BIOS Upgrade Tip: Make rEFInd your UEFI fallback boot option

Hi all -

So I manually copied esp/EFI/refind/refind_x64.efi to esp/EFI/BOOT/BOOTX64.EFI ( esp is your EFI boot partition, in my case mounted at /boot/efi, so the full path was /boot/efi/EFI/BOOT/BOOTX64.EFI ). After upgrading my BIOS from 3.10 to 3.17, instead of having to do the F3 trick to pick a bootloader manually, the fallback copy of refind automatically gave me a small menu to choose what efi to boot next, including the original rEFInd entry that got forgotten on the BIOS upgrade.

If you do want to use rEFInd as your daily driver, be sure to do sudo refind-install again after the BIOS update to put the regular rEFInd boot entry back in the frameworks’ NVRAM entries. Not a big deal if you forget, you just have to do the fallback rEFInd → regular rEFInd shuffle until you do.

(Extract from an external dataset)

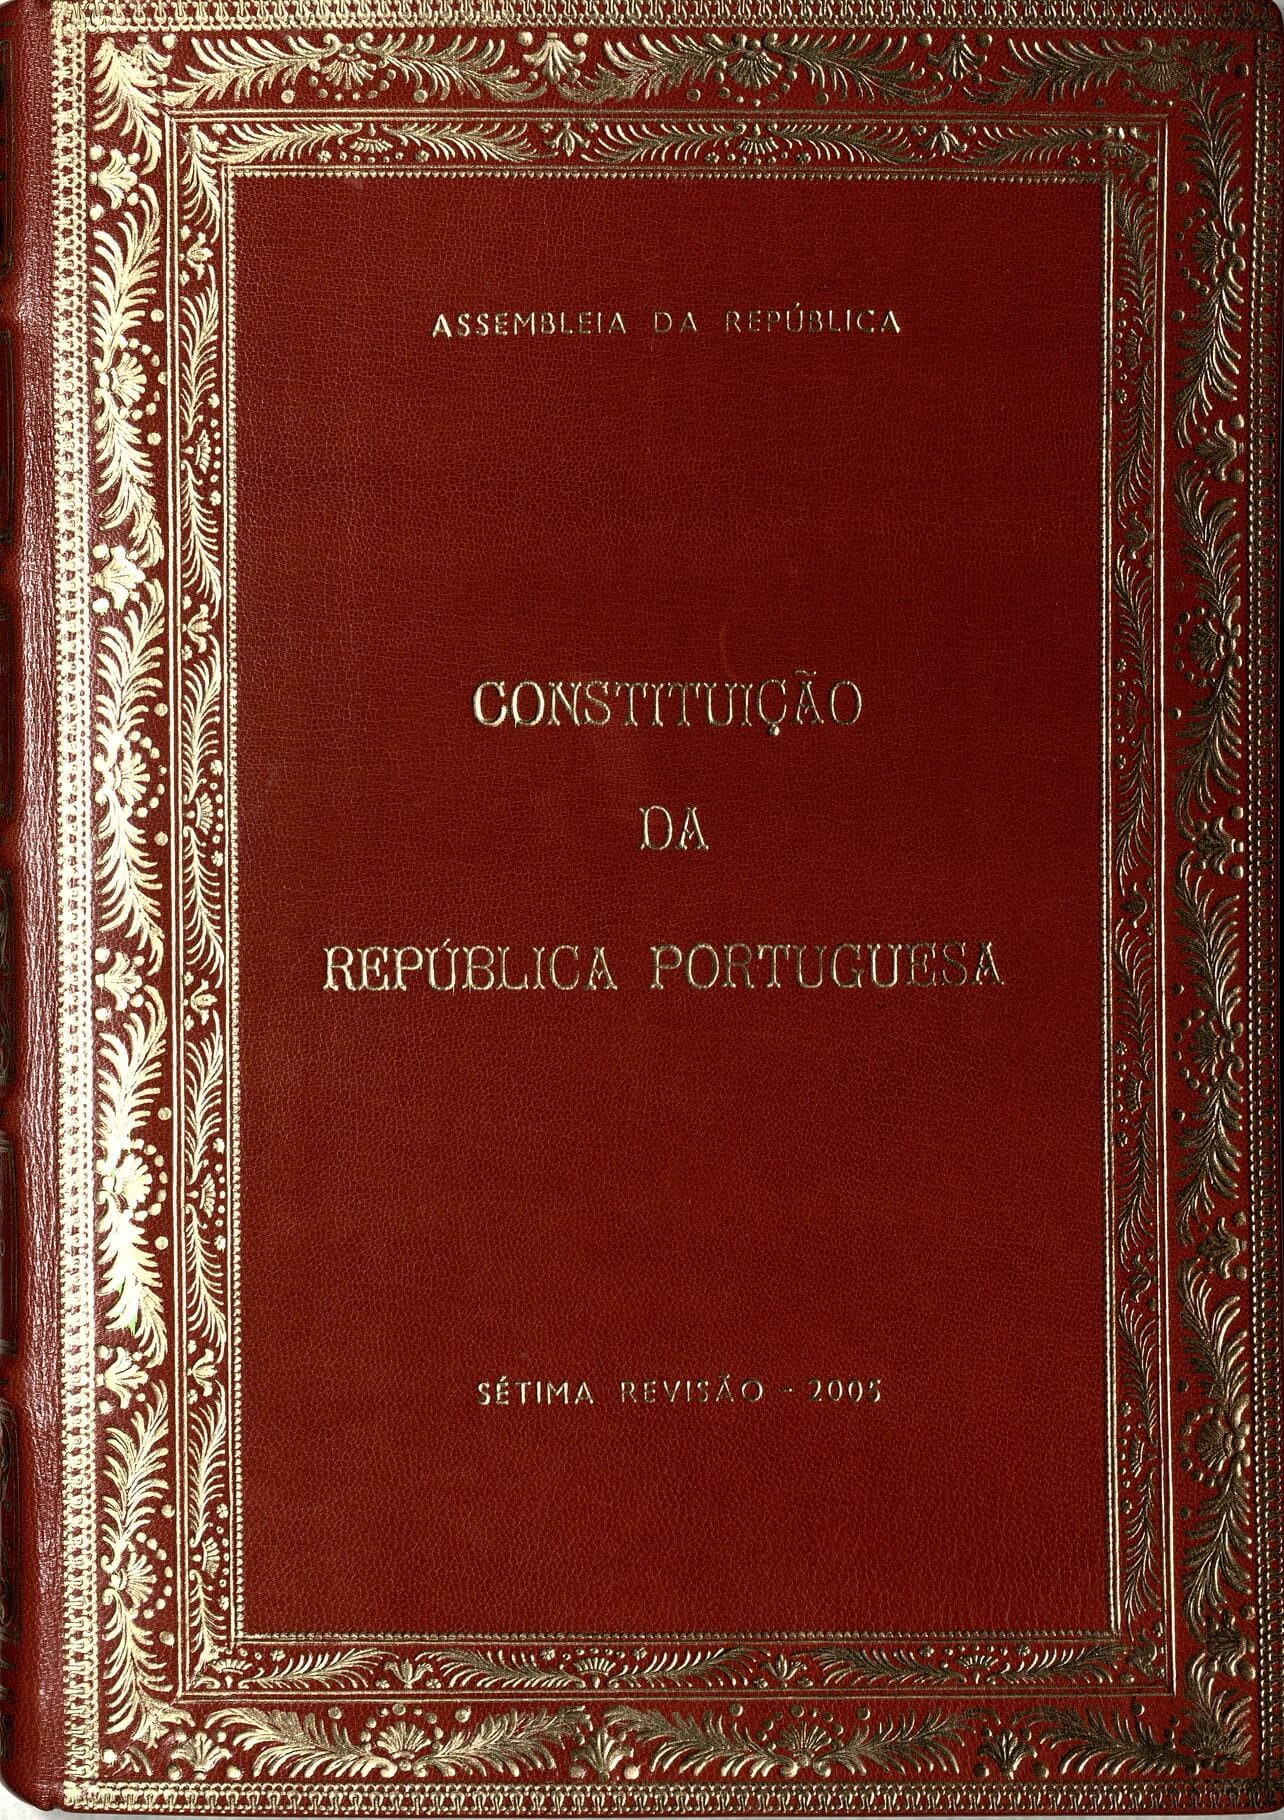 Capa da revisão constitucional de 2005

Even if you do not want to use rEFInd as your daily EFI boot entry, having rEFInd in the fallback location and in the regular location will also help you if you bork GRUB completely. Had to use this trick to help a friend after their computer died during a kernel update and before GRUB got updated correctly. She’s now a convert to rEFInd too lol.

rEFInd should be easy to install in most linux distros.

2 Likes

Caveat is that rEFInd does not support decryption at boot.

Edit:
(Old rEFInd user by the way. The graphical boot menu with OS icon was slick, but had fallback to GRUB.)

Mayve a systemd-boot based alternative would be nice.